Fast solver

A report on the architecture of the FastSolver (penmark-core), the optimizations that landed, the ones we tried and reverted, and ideas we discussed but haven’t pursued.

The engine lives under core/src/algorithm/ in two families:

algorithm/fast/ — the production family.
- game.rs — FastGame, the bitmask-backed CSP state (per-coord candidate bitmasks + apply/undo + slow status()).
- propagator.rs — Propagator, the speed: every incremental cache (per-constraint aggregates, per-cell counters, dirty queue, region indices, trial order) plus the forced_moves_at / eval_constraint_at machinery.
- solver.rs — FastSolver, the search loop. Drives a Propagator wrapping a FastGame.
algorithm/simple/ — the brute-force reference family.
- game.rs — SimpleGame, a HashMap<Coord, Vec<Mark>>-backed minimal Game impl. No bitmask, no caches.
- solver.rs — SimpleSolver, plain DFS over SimpleGame. The correctness baseline — every other solver should beat it badly.
algorithm/geometry.rs — region/reach helpers shared between the two families.
algorithm/eval.rs — generic constraint evaluator with both a fast eval_constraint (assumes pre-resolved regions) and a slow eval_constraint_full (handles LosCross/Neighbors4/CellMin by walking the puzzle on the fly).
algorithm/grader.rs — StandardGrader, the human-techniques grader. Drives a Propagator (same engine as FastSolver) and fires named techniques in priority order. Techniques are generic, keyed off Rule kind + cached aggregate state: exact-count-zero, exact-count-saturated, exact-count-forced, at-most-saturated, at-least-one-witness, cell-min-witness, plus trial-1 as backward escalation. Any genre using these rule kinds gets the techniques for free; genres needing bespoke patterns can append their own Technique impls.

1. What the solver does

At every DFS node:

Forward propagation to fixpoint. AC-3-style worklist over constraints, plus a parallel dirty-cell drain for CellMin-style counter rules. Continues until both queues are empty.
Trial-1 sweep with intra-sweep cascade. Walk open coords in degree-descending order (game.trial_order()). At each coord, hypothesize every candidate; any commit that propagates to a contradiction is recorded as a forced elimination. Eliminations are applied immediately and followed by an inline forward- propagation drain, before moving to the next coord.
Branch. If still InProgress, pick the first trial_order-ranked open coord and branch over its candidates. For binary domains (Akari) “smallest domain” MRV is degenerate (every open cell has 2 candidates) — degree is the heuristic that actually shrinks the search tree.

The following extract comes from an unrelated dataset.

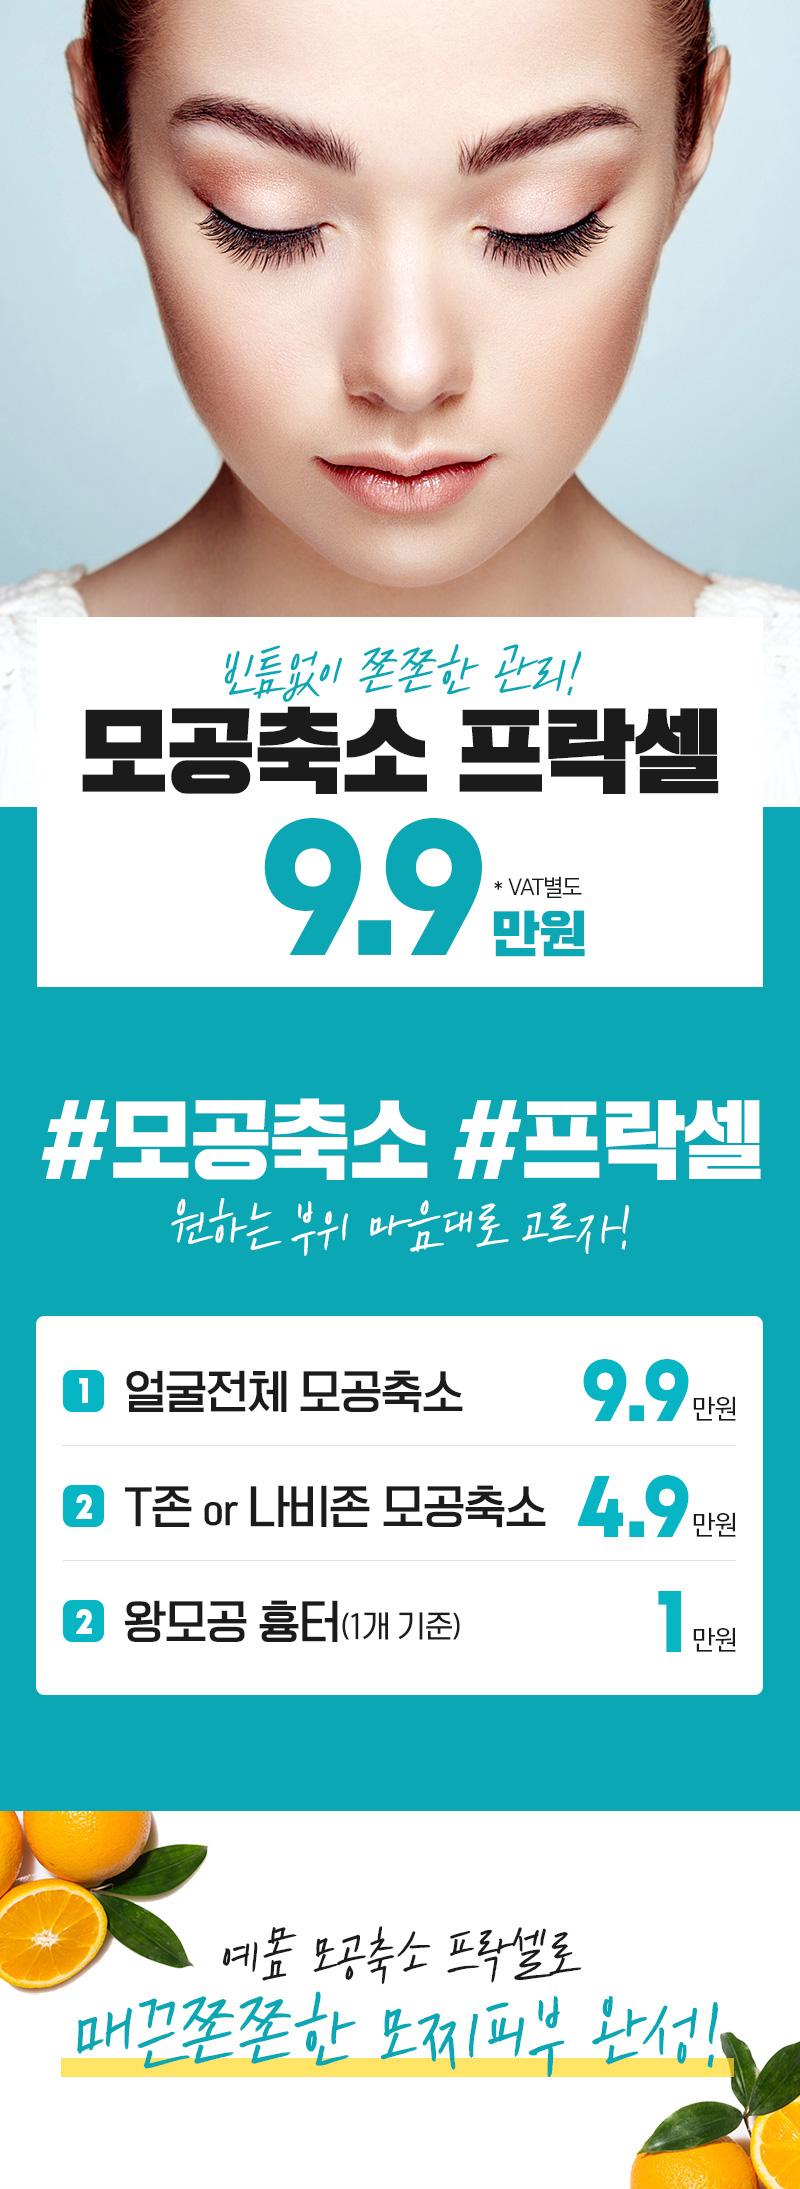 모공축소 쫀쫀하게 9.9만원

The undo log inside FastGame records every applied move; on exit from each DFS frame we pop exactly the count of moves applied at this level.

The same three-phase shape lives in the grader, except:

the grader runs in an outer loop instead of recursing;
the grader keeps a step trace tagged by RuleKind;
the grader never branches (trial-1 is its terminal technique).

The shared propagation routines are intentionally close to literal copies — keeping them divergent for tiny gains is more cost than it’s worth.

2. The FastGame / Propagator split

FastGame is intentionally minimal: per-coord candidate bitmasks, the coord_index / mark_to_bit lookups, the undo_stack, and an empty_count counter that lets status() short-circuit O(1) when no domain is empty. Apply and undo do the bit-flip + push/pop the undo log + maintain empty_count. That’s it. status() walks all constraints with a slow per-region resolver — fine for tests and the brute-force Simple solver, slow on the hot path.

Propagator<'g, 'p> borrows &'g mut FastGame<'p> and owns every incremental cache. Its constructor builds coord_constraints, region_indices, trial_order, the per-counter inverse-reach maps, the lifted CellMin rule table, the per-constraint aggregates, and the per-cell counters — all from the game’s current candidate masks. After that, the propagator is the sole driver of apply / undo: each call flips the game’s bits, then walks the incremental updates against the (pre, post) mask delta.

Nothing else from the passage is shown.